Though there are more support groups for gay youths than ever before, Virtucio said many Asian American teens find it difficult to fit in. Nor do they have any role models. This decade’s most noted gays and lesbians -- actresses Ellen DeGeneres and Anne Heche, Ambassador James Hormel and former Wisconsin congressman Steve Gunderson, Migden and Kuehl -- are all white, and so is society’s perception of gay America.

‘A CHANNEL TO COME OUT’
Virtucio says that lack of representation means that most Asian American kids come out at later ages than their white counterparts. “People look at the community and based on that ask, ‘Would I want to be like that; would I fit in?’ But they often cannot relate to their white peers.

“They can’t go to programs for queer gay youths when no one speaks their language,” Virtucio says. “How can they be understood when they talk about their close-knit family they can never come out to?
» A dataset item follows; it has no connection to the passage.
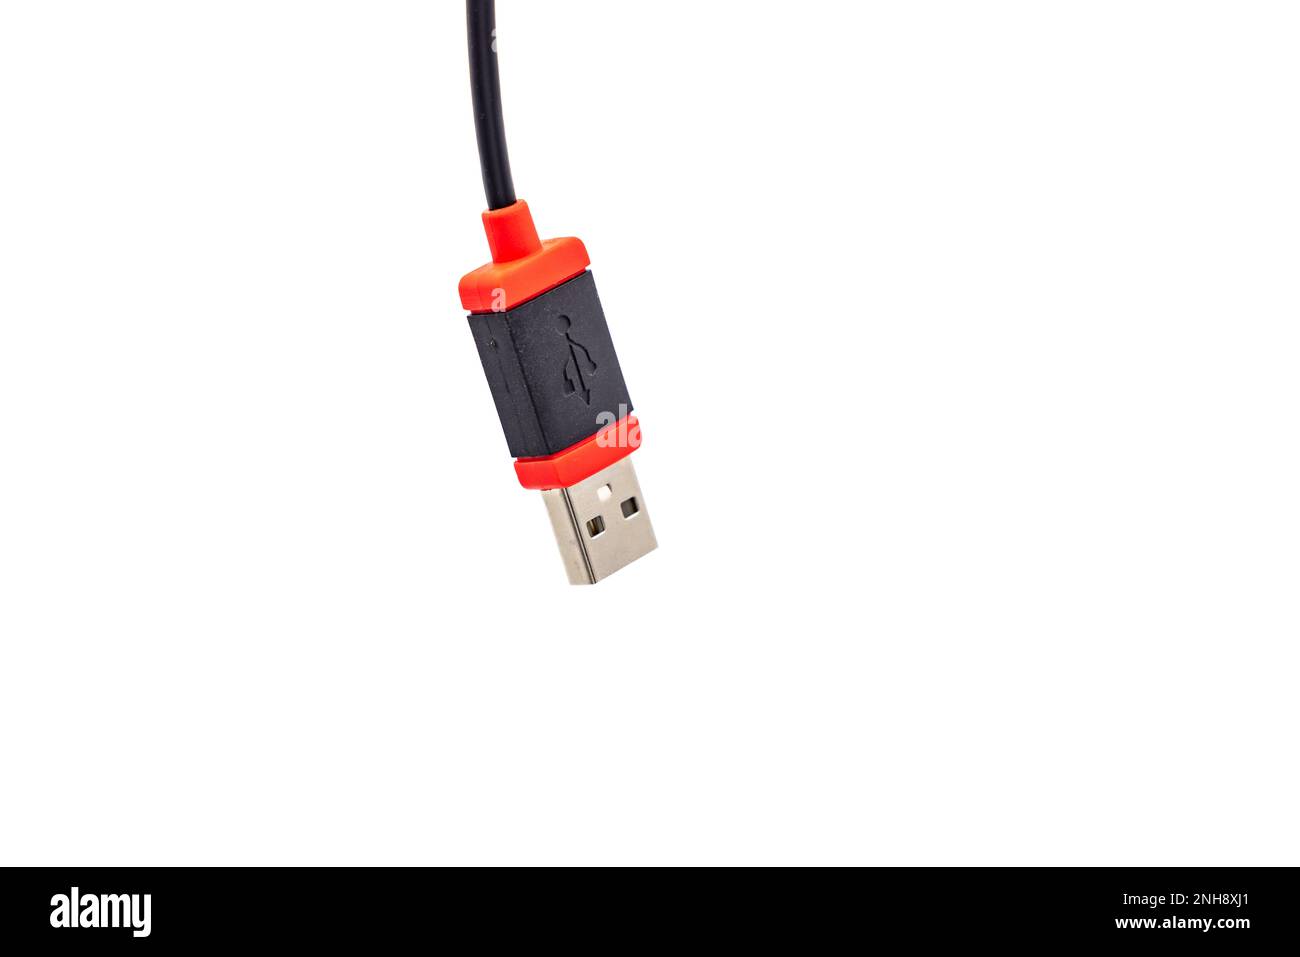 A USB plug type A in red and black cropped against white background as studio shot Stock Photo

They need to see people like them.

“Even if it’s just serving rice, they need something familiar so they could [relate] and feel like they could be part of this community,” says Virtucio, who touts her four-year-old group as “a channel to come out.”

In the summer, 20 to 30 teens -- half of whom are immigrants -- go to AQUA’s weekly drop-in sessions. Though the group initially attracted mostly college-age men, most of its members today are younger, and half are female.

At a recent get-together, the girls seemed much less vocal than boys, and though several young men agreed to be interviewed, no girls did. Jang explains that girls are more likely than boys to refrain from expressing their sexuality, possibly because of the shame they think they may bring on themselves and their families. One girl, she recalled, fell in love with her godsister and wanted to tell her, but she was afraid that if she did, everyone in Chinatown would find out.